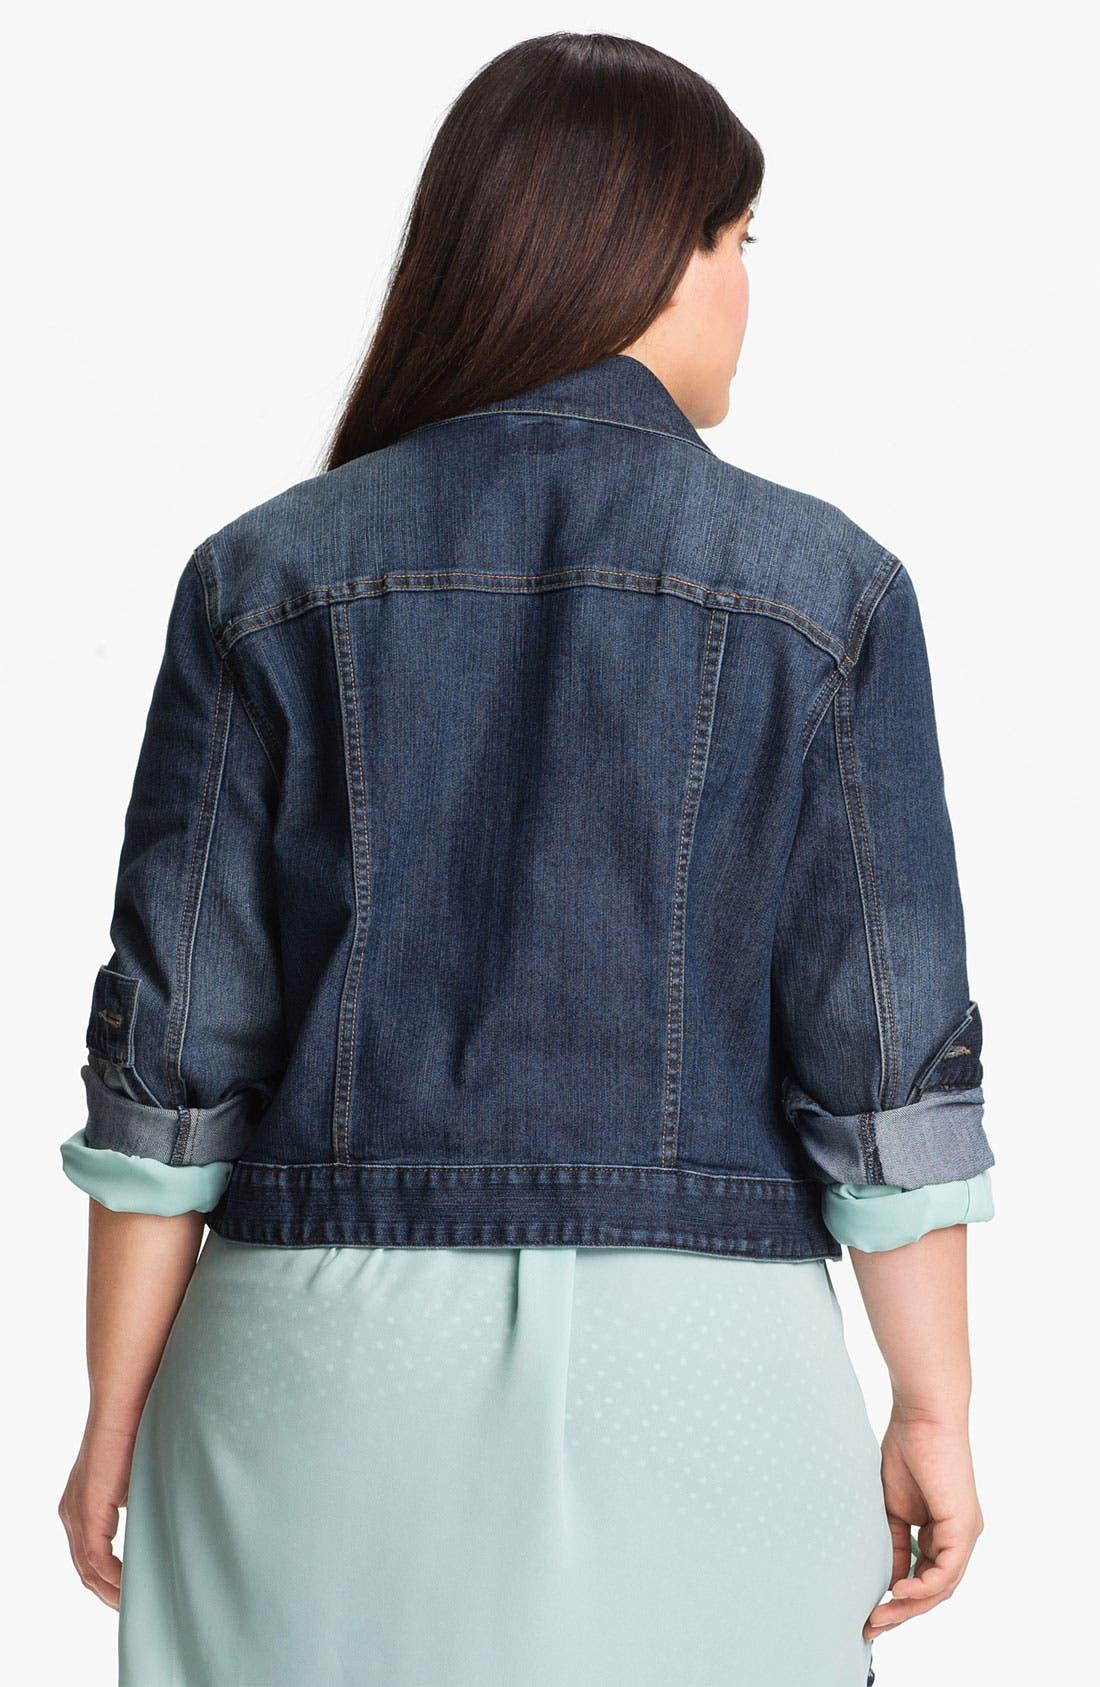 Alternate Image 2  - Jag Jeans 'Rupert' Denim Jacket (Plus Size)
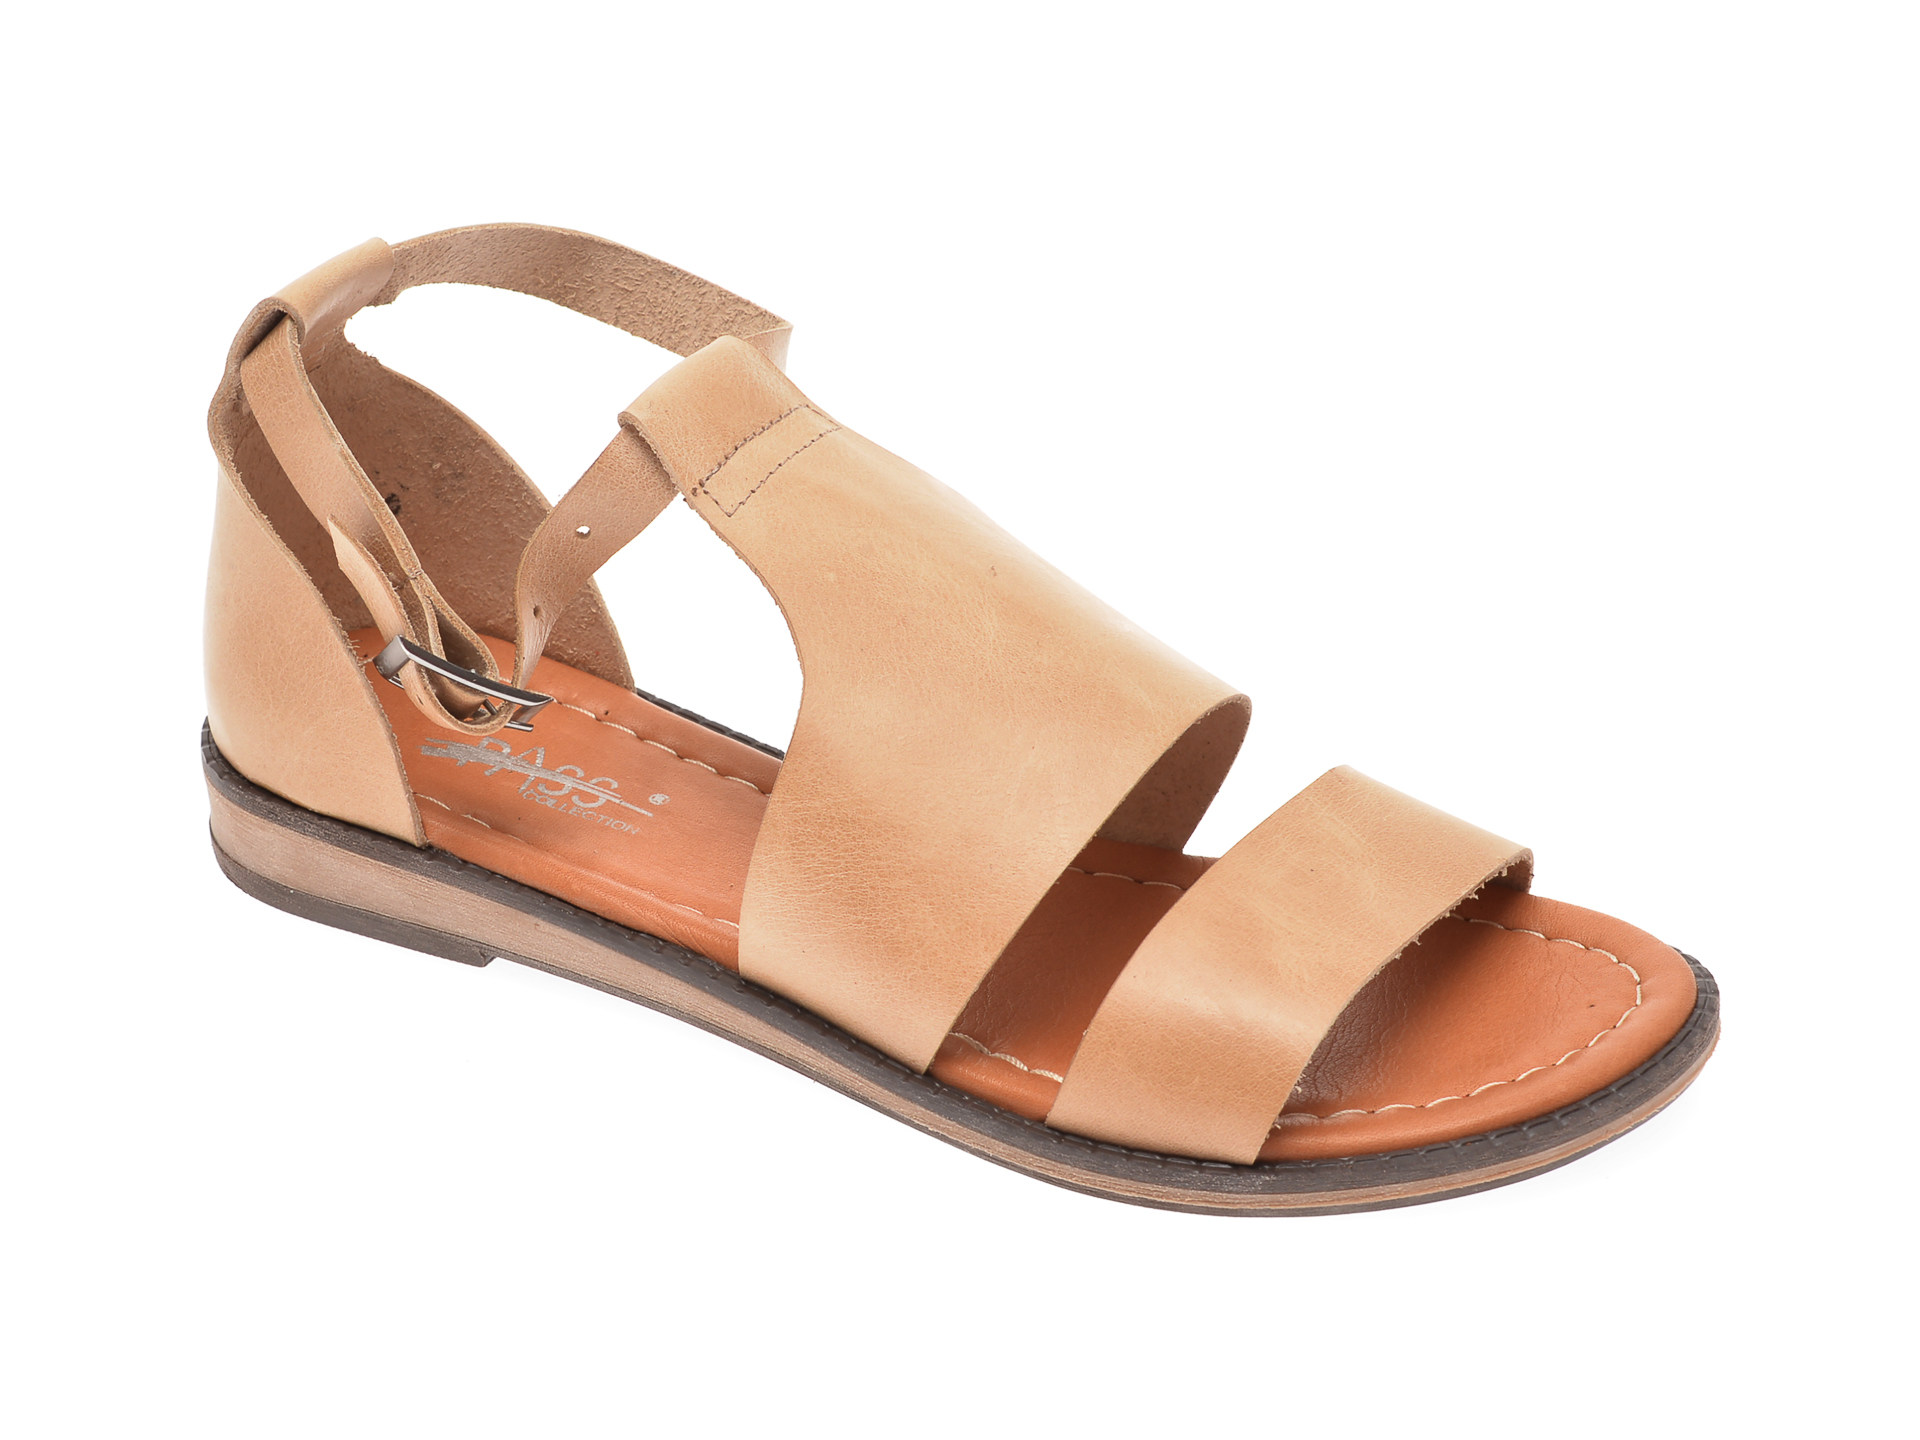 Sandale PASS COLLECTION bej, 1004K, din piele naturala
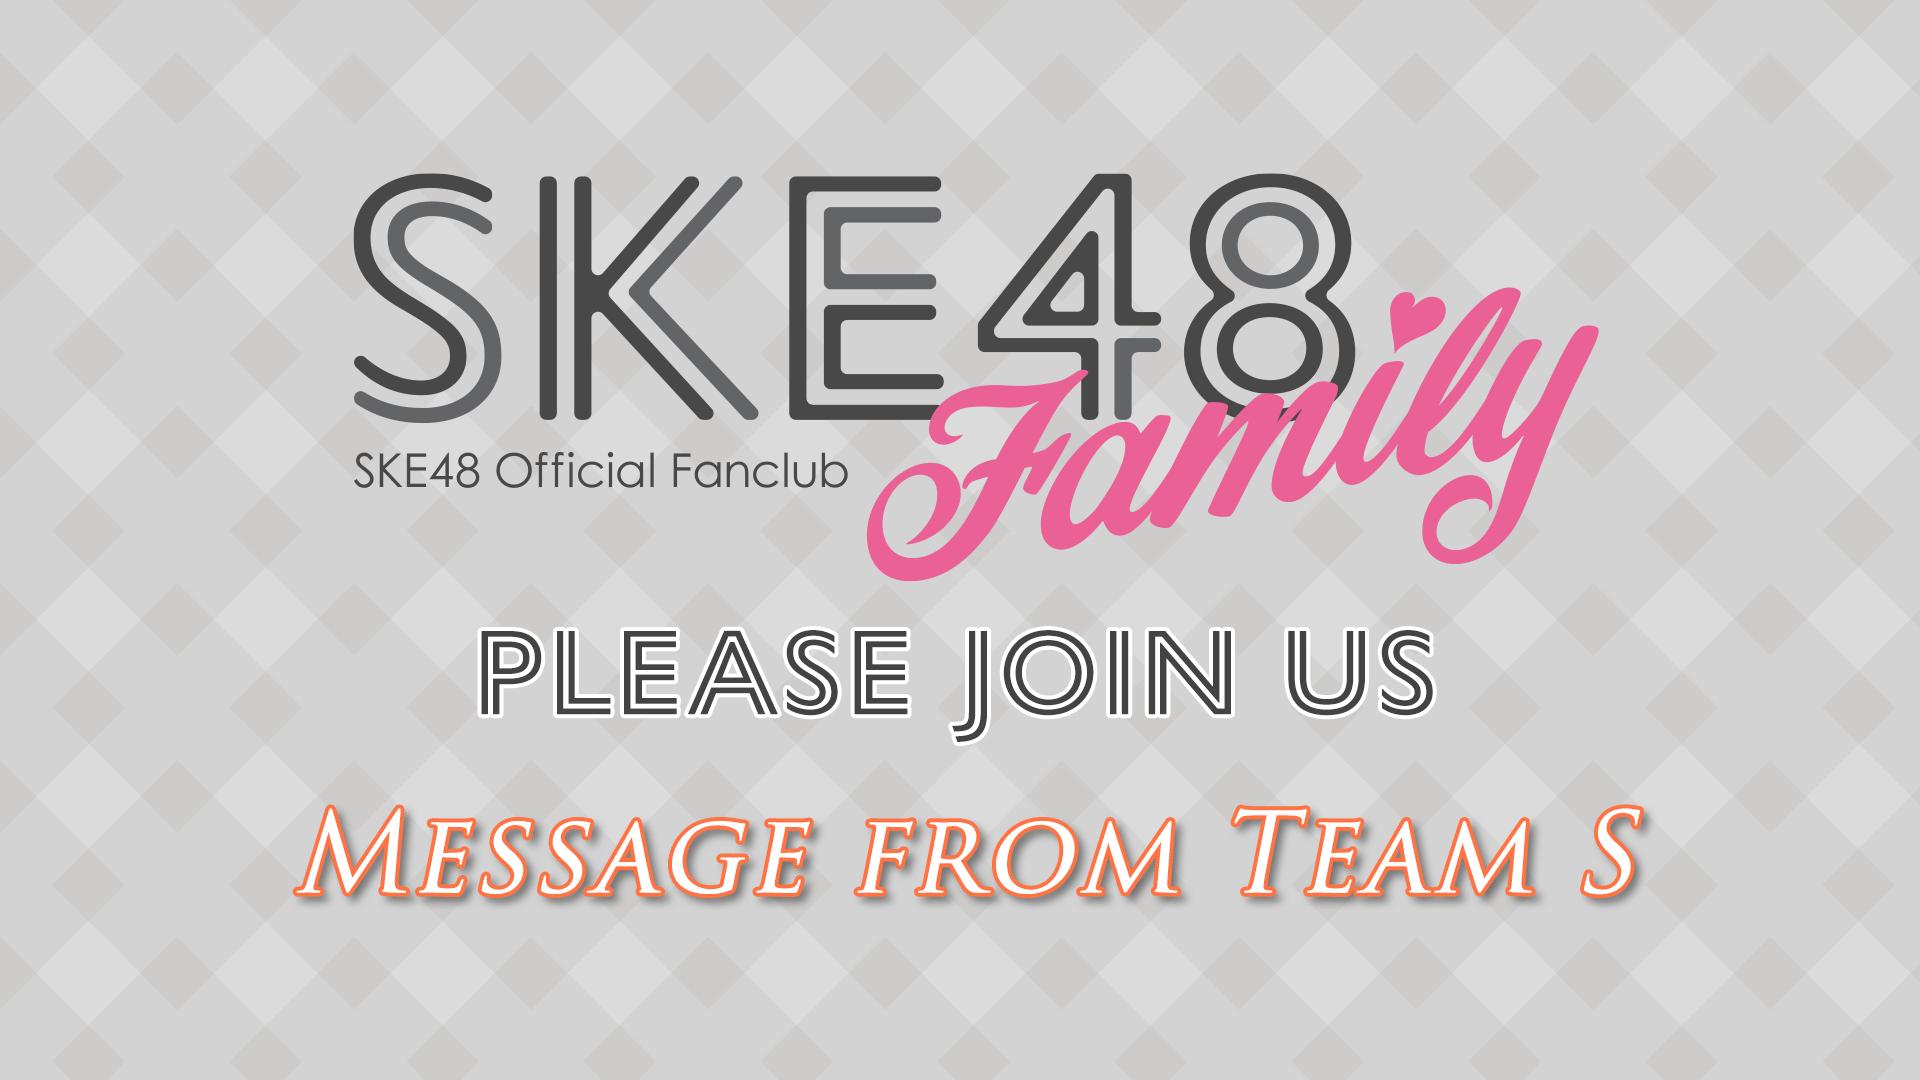 SKE48 Family入会受付中!チームSメンバーからのメッセージをどうぞ!

━━━

§ **Work to complete**
Leave the pictures out and restate the listing word for word.

§ **Written answer**
 Alternate Image 2  - Jag Jeans 'Rupert' Denim Jacket (Plus Size)
 Sandale PASS COLLECTION bej, 1004K, din piele naturala
 SKE48 Family入会受付中!チームSメンバーからのメッセージをどうぞ!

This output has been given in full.